— YOUR GOAL —
Give the data again exactly, without its images.

— EXERCISE DATA —
=======

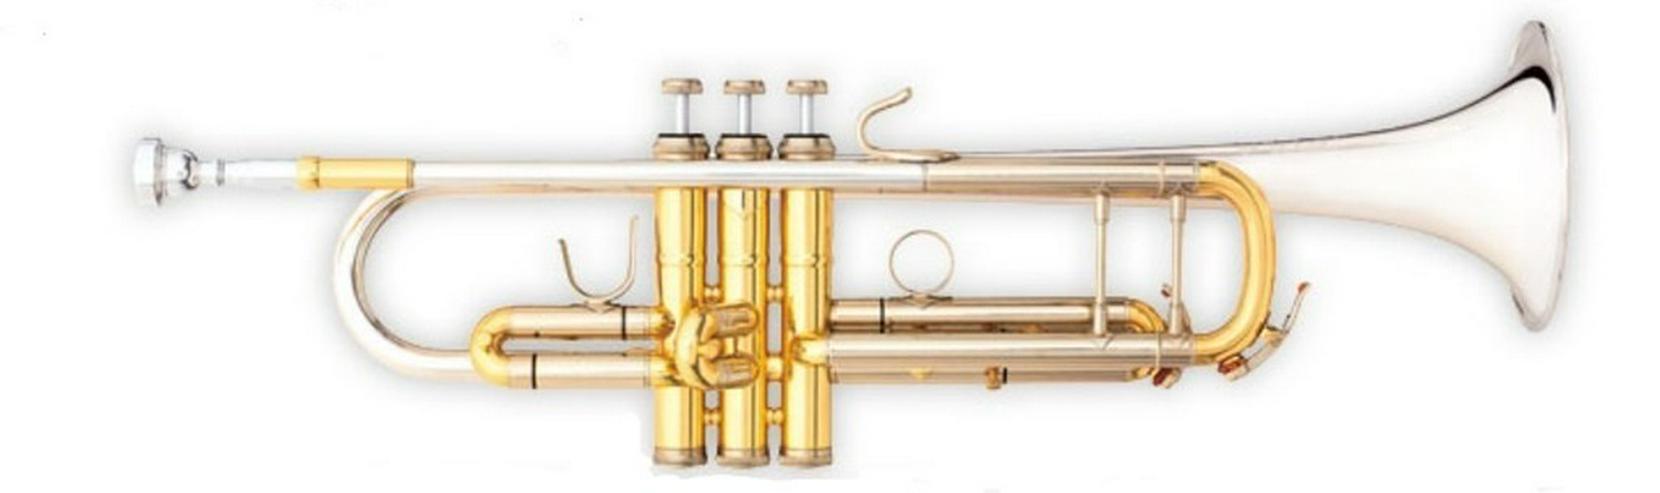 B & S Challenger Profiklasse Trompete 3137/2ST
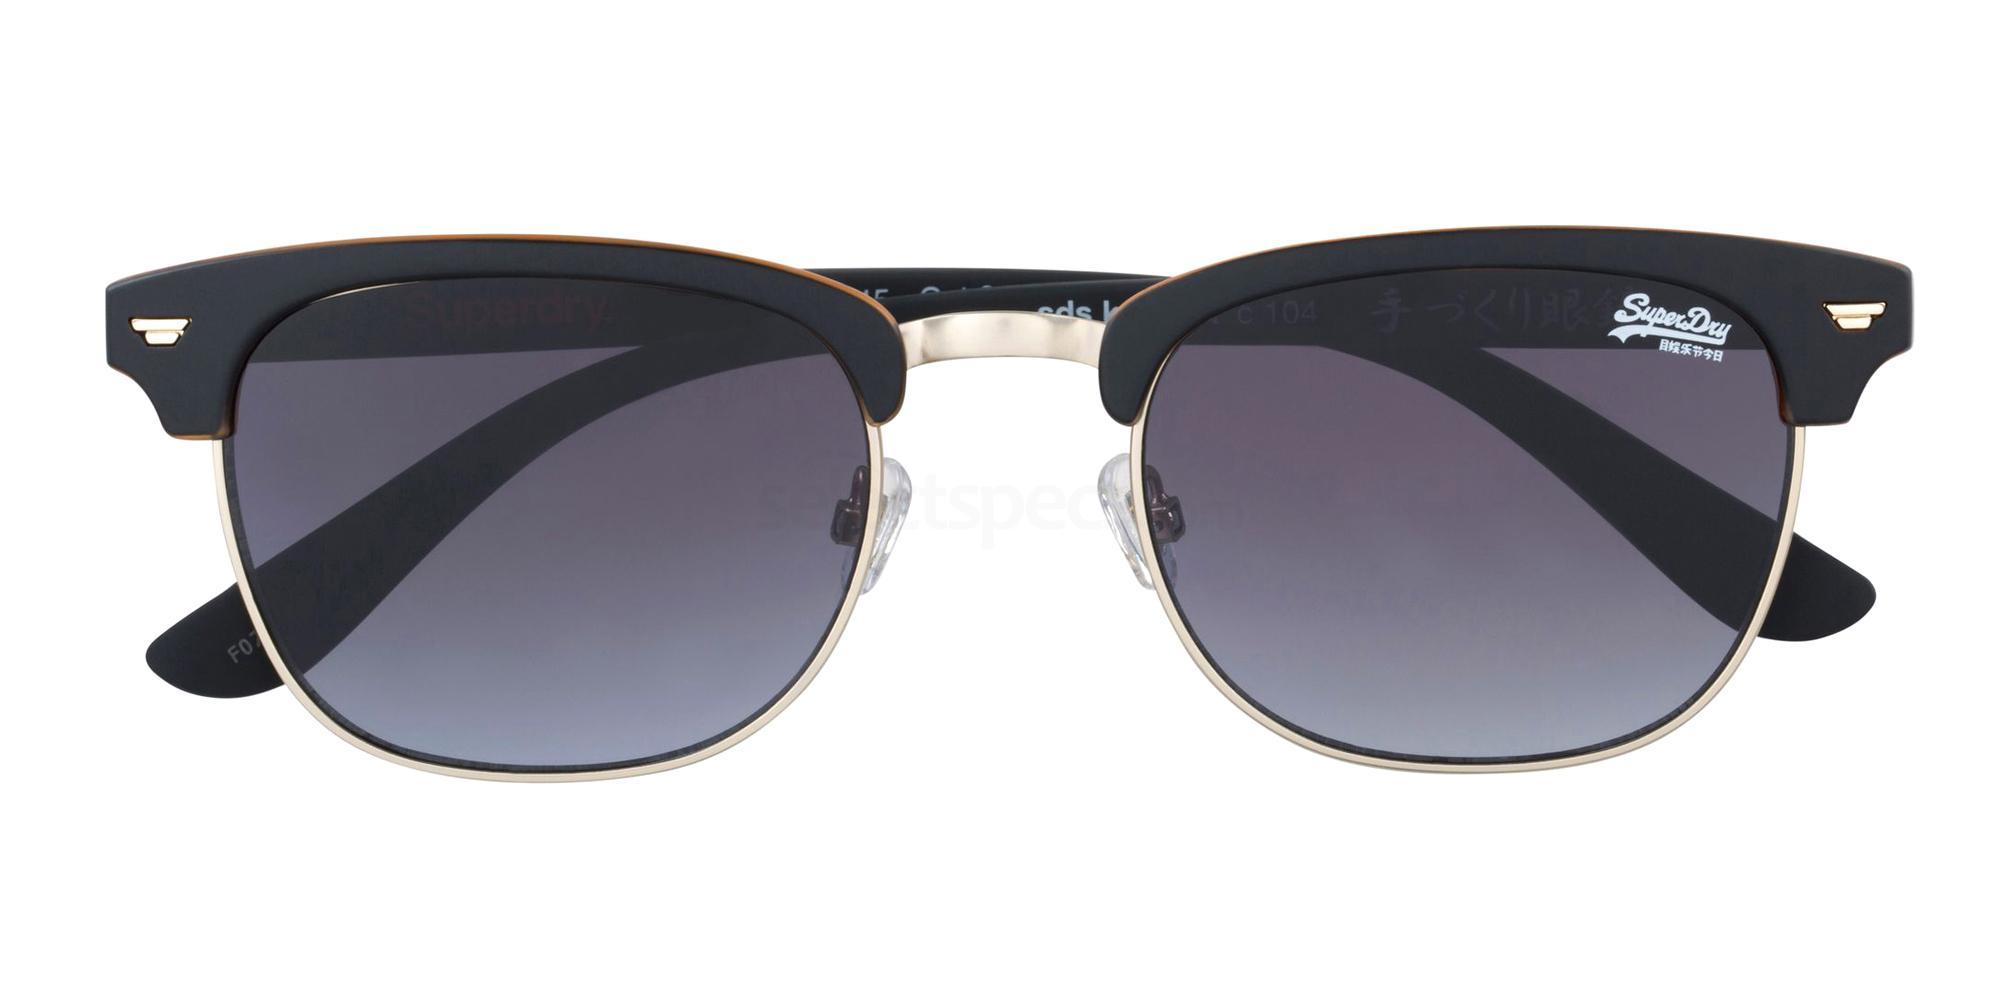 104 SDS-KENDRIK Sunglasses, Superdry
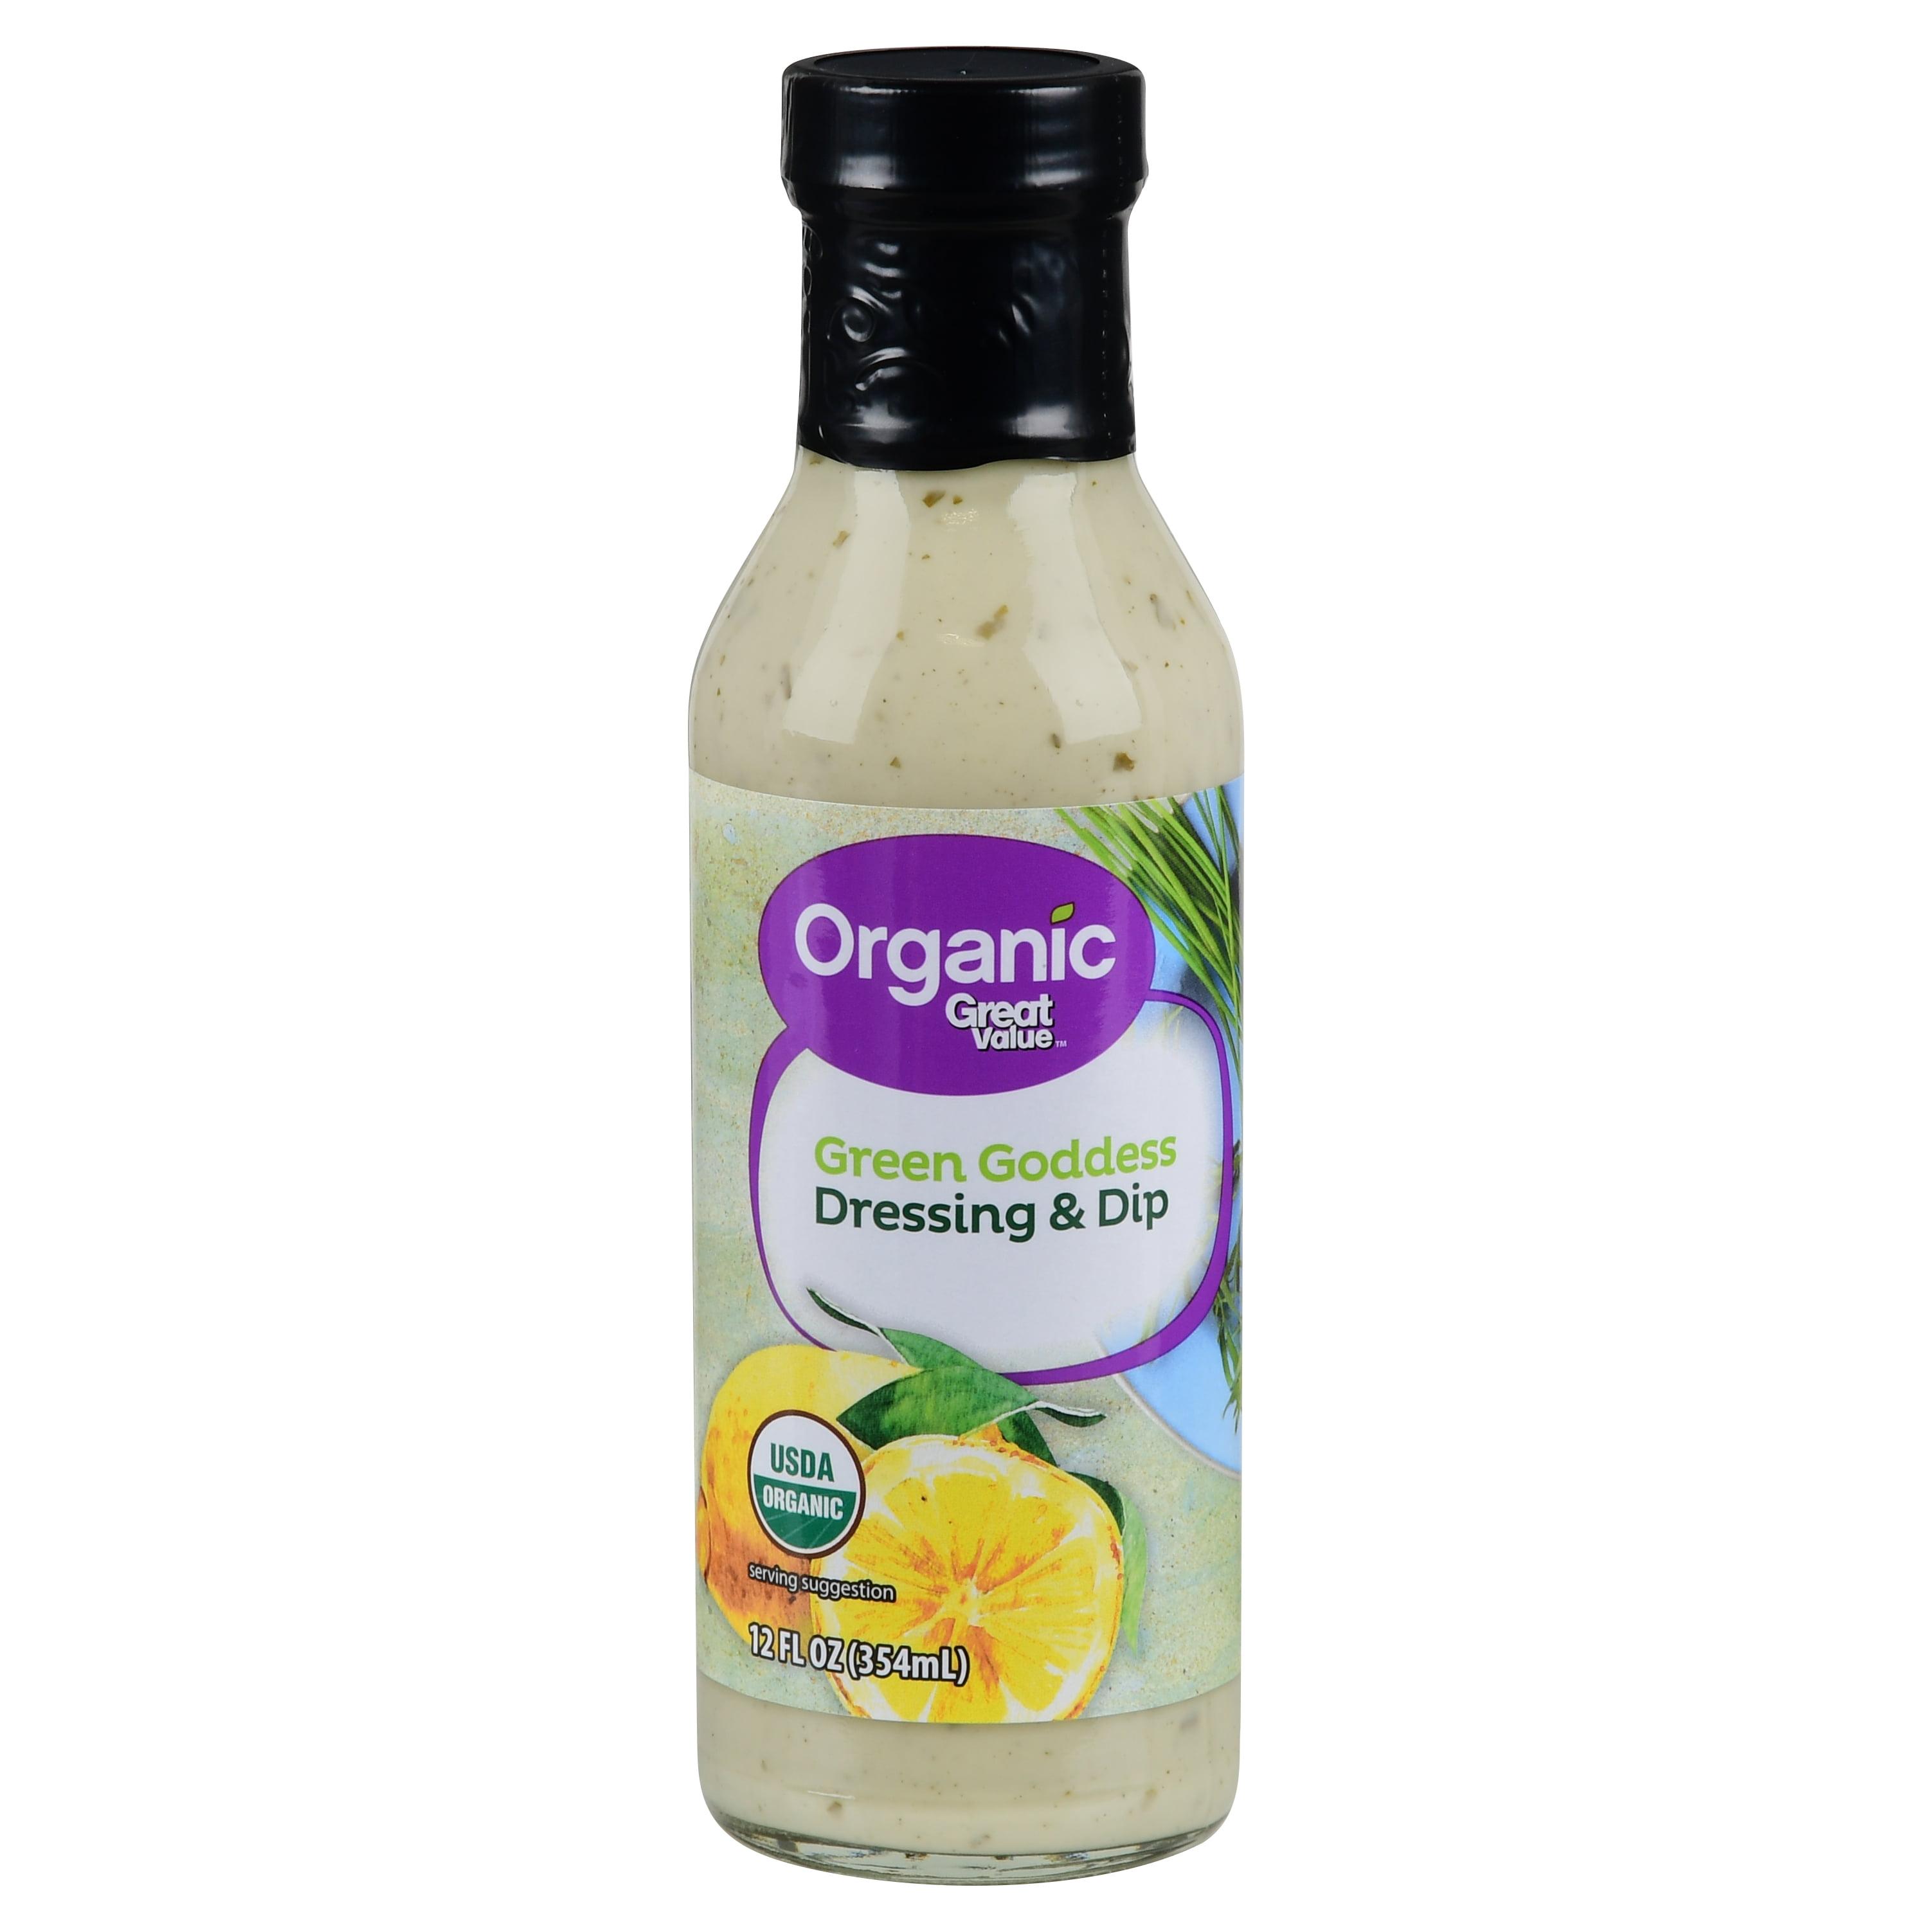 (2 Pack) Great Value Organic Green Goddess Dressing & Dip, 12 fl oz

=======

— REPLY —
 B & S Challenger Profiklasse Trompete 3137/2ST
 104 SDS-KENDRIK Sunglasses, Superdry
 (2 Pack) Great Value Organic Green Goddess Dressing & Dip, 12 fl oz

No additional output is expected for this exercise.